* [THE DATA]:
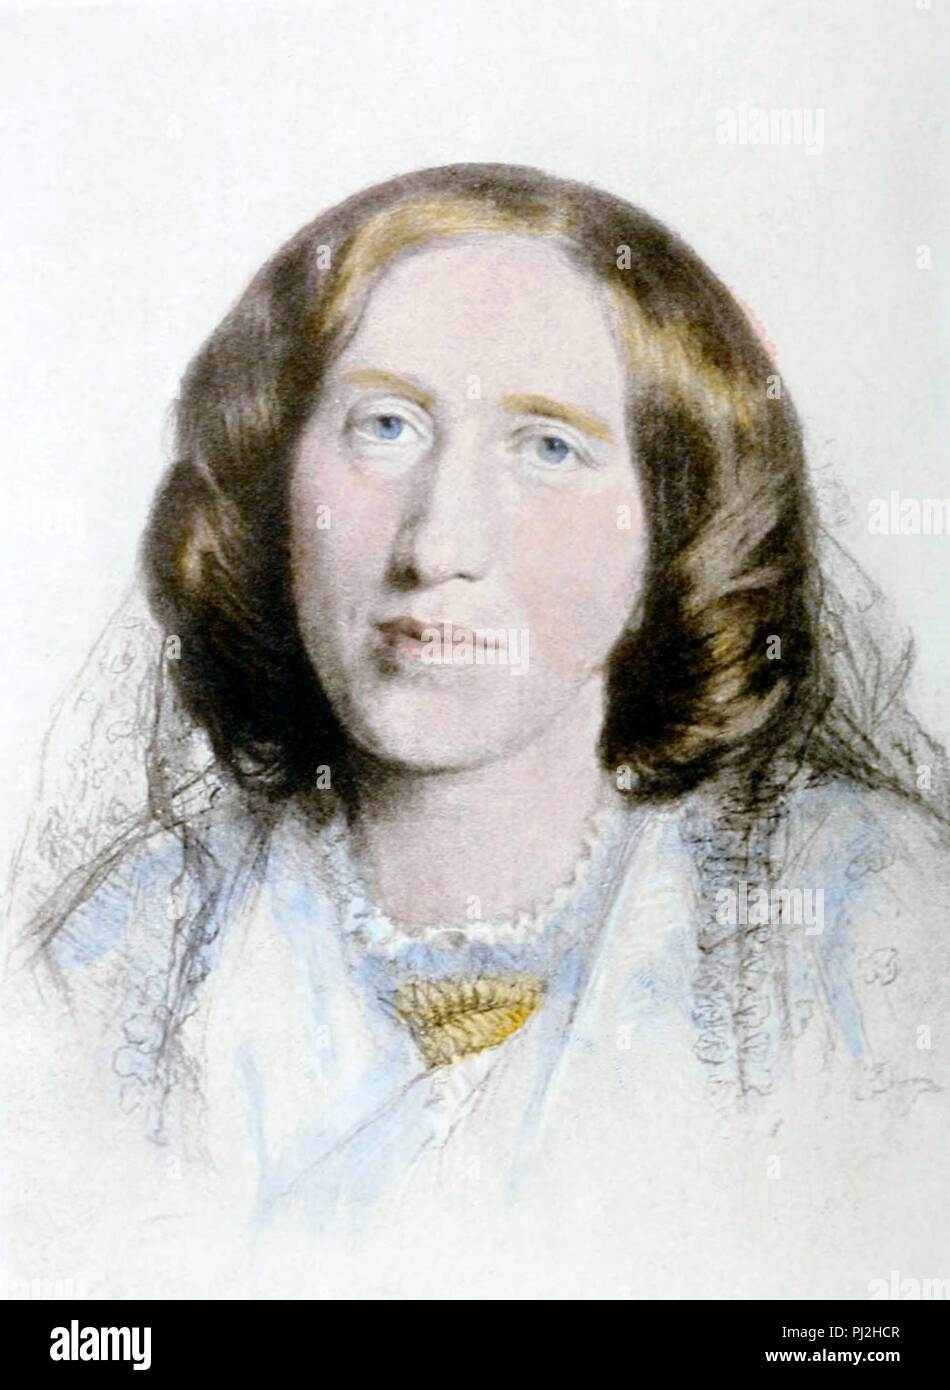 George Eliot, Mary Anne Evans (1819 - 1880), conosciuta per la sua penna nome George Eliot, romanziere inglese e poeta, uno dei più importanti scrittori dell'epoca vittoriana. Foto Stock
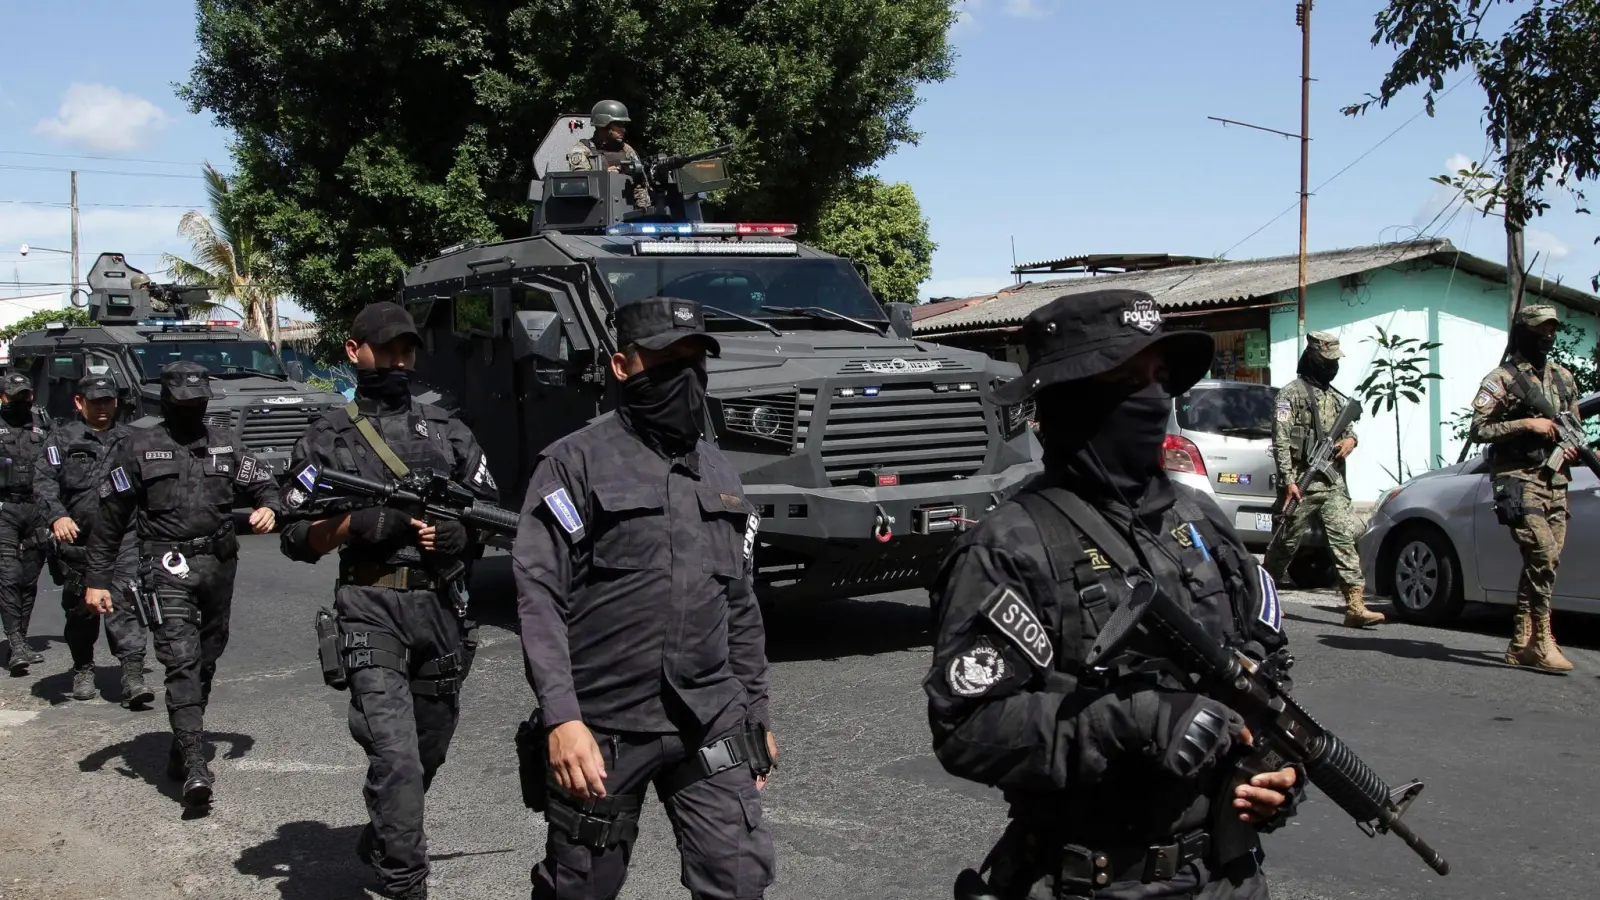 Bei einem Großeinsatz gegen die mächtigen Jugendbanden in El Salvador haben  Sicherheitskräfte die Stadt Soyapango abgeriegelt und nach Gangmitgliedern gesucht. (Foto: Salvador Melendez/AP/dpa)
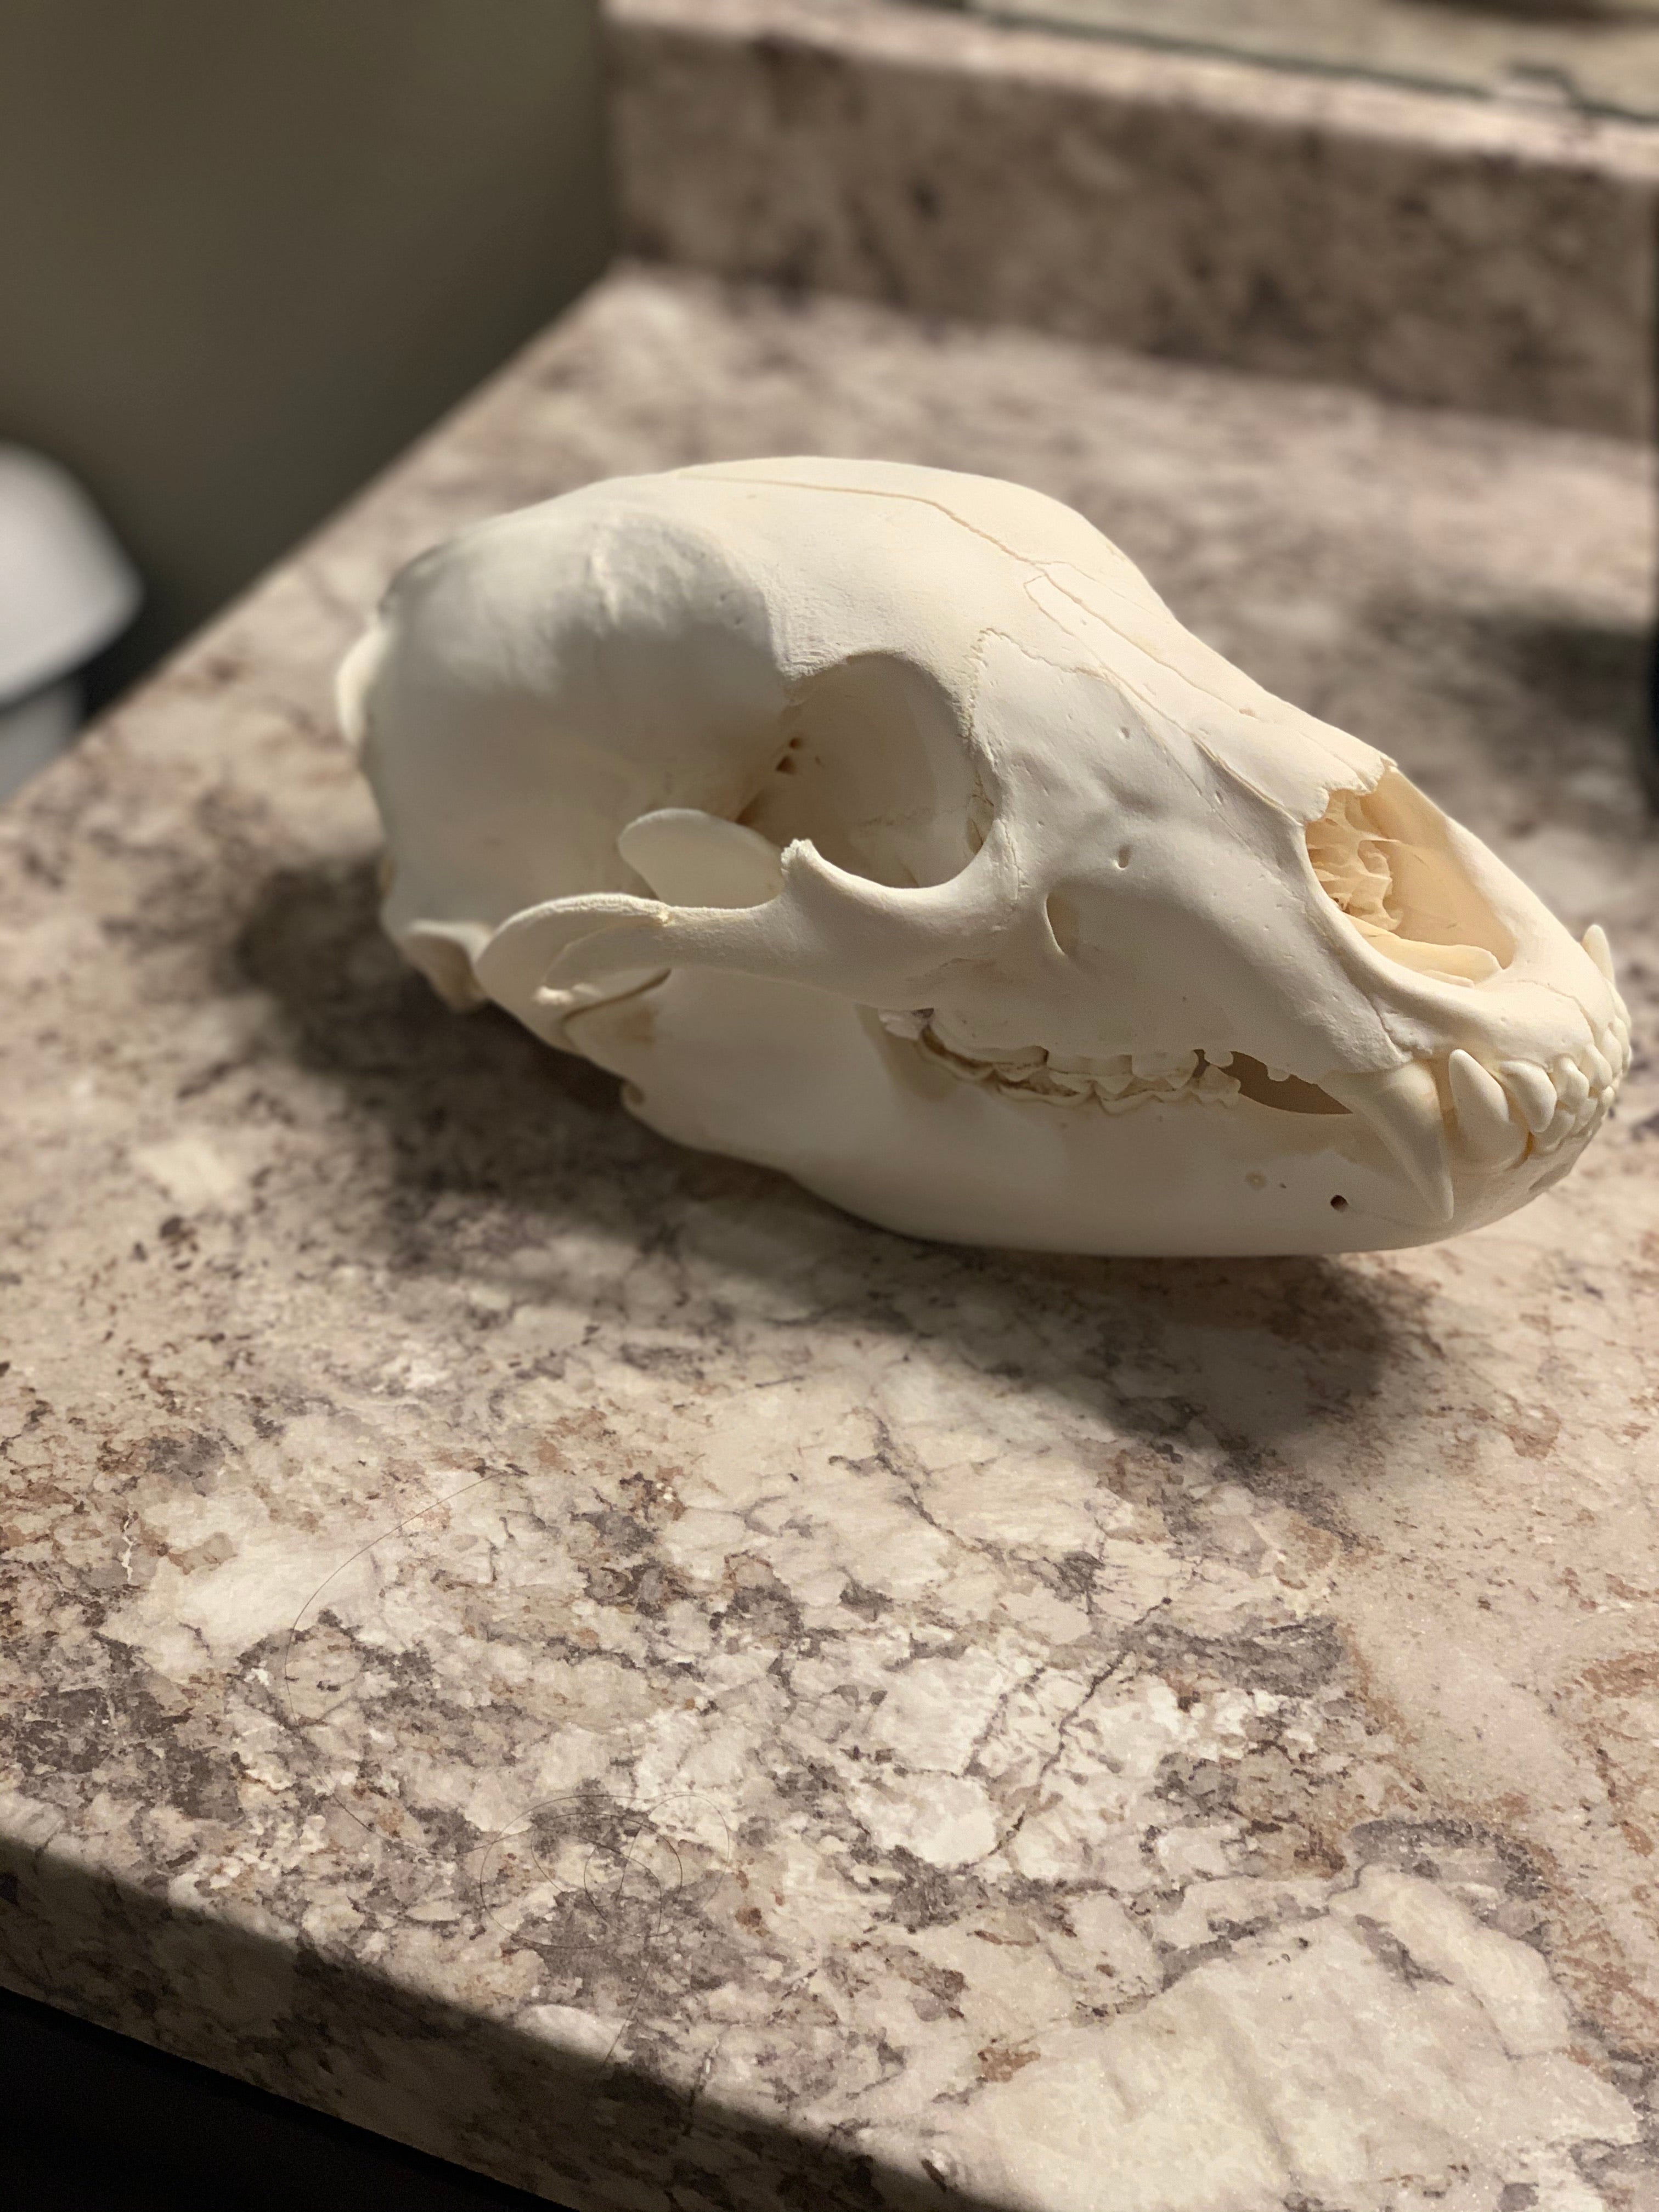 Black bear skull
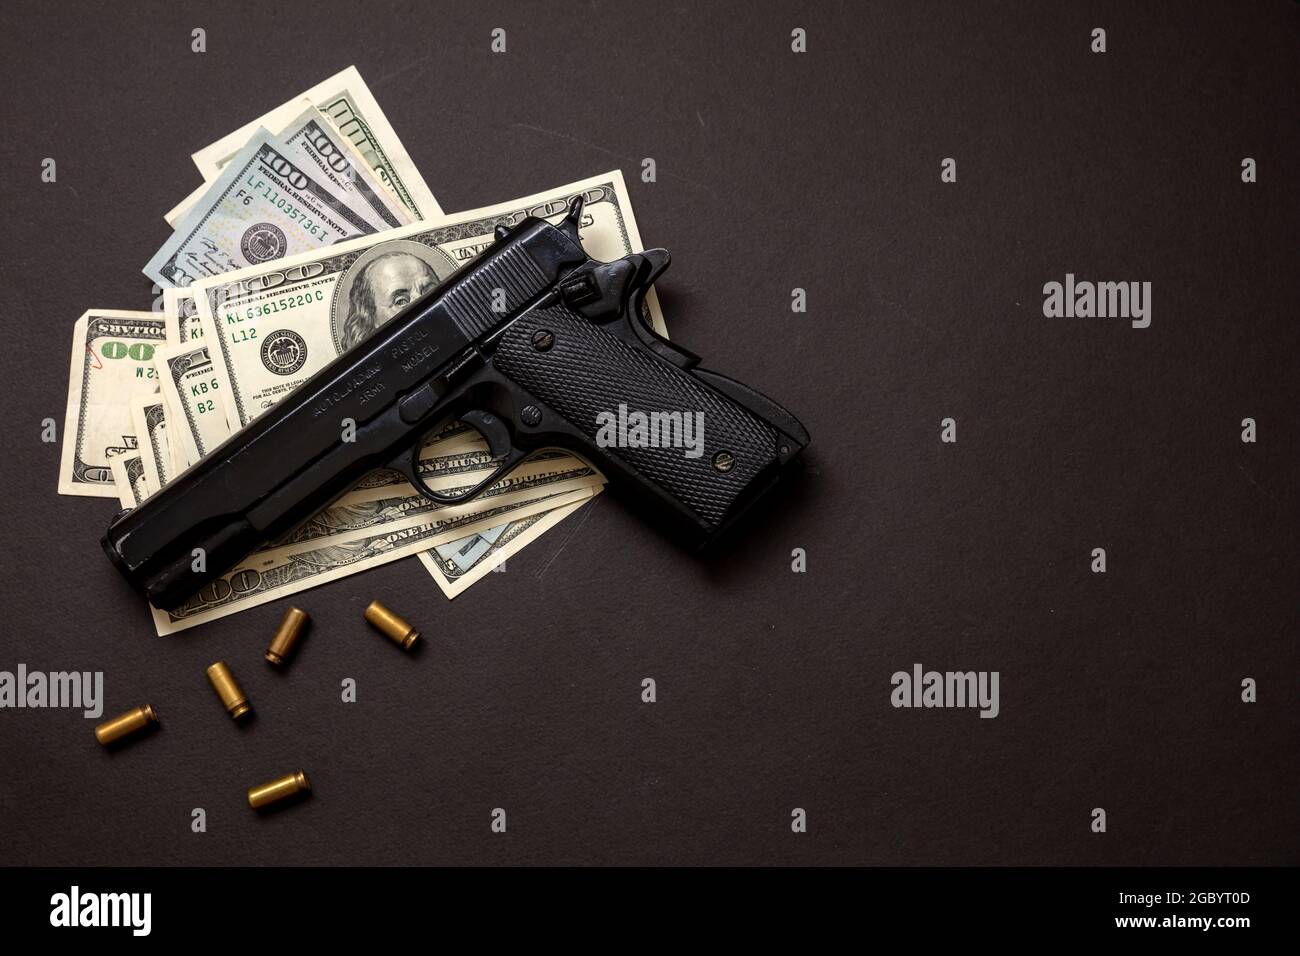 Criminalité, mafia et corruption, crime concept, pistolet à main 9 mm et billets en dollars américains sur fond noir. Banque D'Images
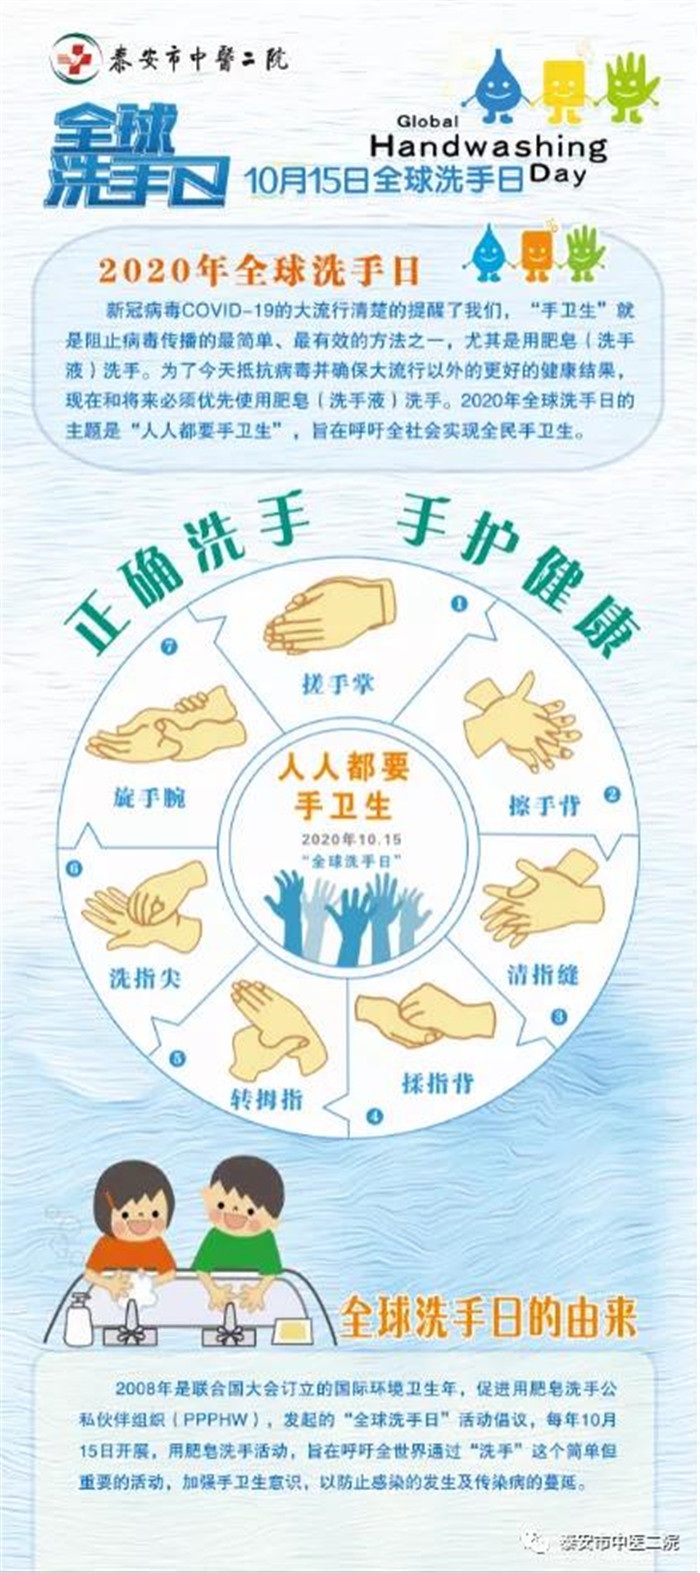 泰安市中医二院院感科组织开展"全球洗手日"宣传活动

* [REQUIREMENT]: Set the records down again exactly, with no pictures.

* [RESPONSE TO THIS TASK]:
 George Eliot, Mary Anne Evans (1819 - 1880), conosciuta per la sua penna nome George Eliot, romanziere inglese e poeta, uno dei più importanti scrittori dell'epoca vittoriana. Foto Stock
 Bei einem Großeinsatz gegen die mächtigen Jugendbanden in El Salvador haben  Sicherheitskräfte die Stadt Soyapango abgeriegelt und nach Gangmitgliedern gesucht. (Foto: Salvador Melendez/AP/dpa)
 Black bear skull
 Criminalité, mafia et corruption, crime concept, pistolet à main 9 mm et billets en dollars américains sur fond noir. Banque D'Images
 泰安市中医二院院感科组织开展"全球洗手日"宣传活动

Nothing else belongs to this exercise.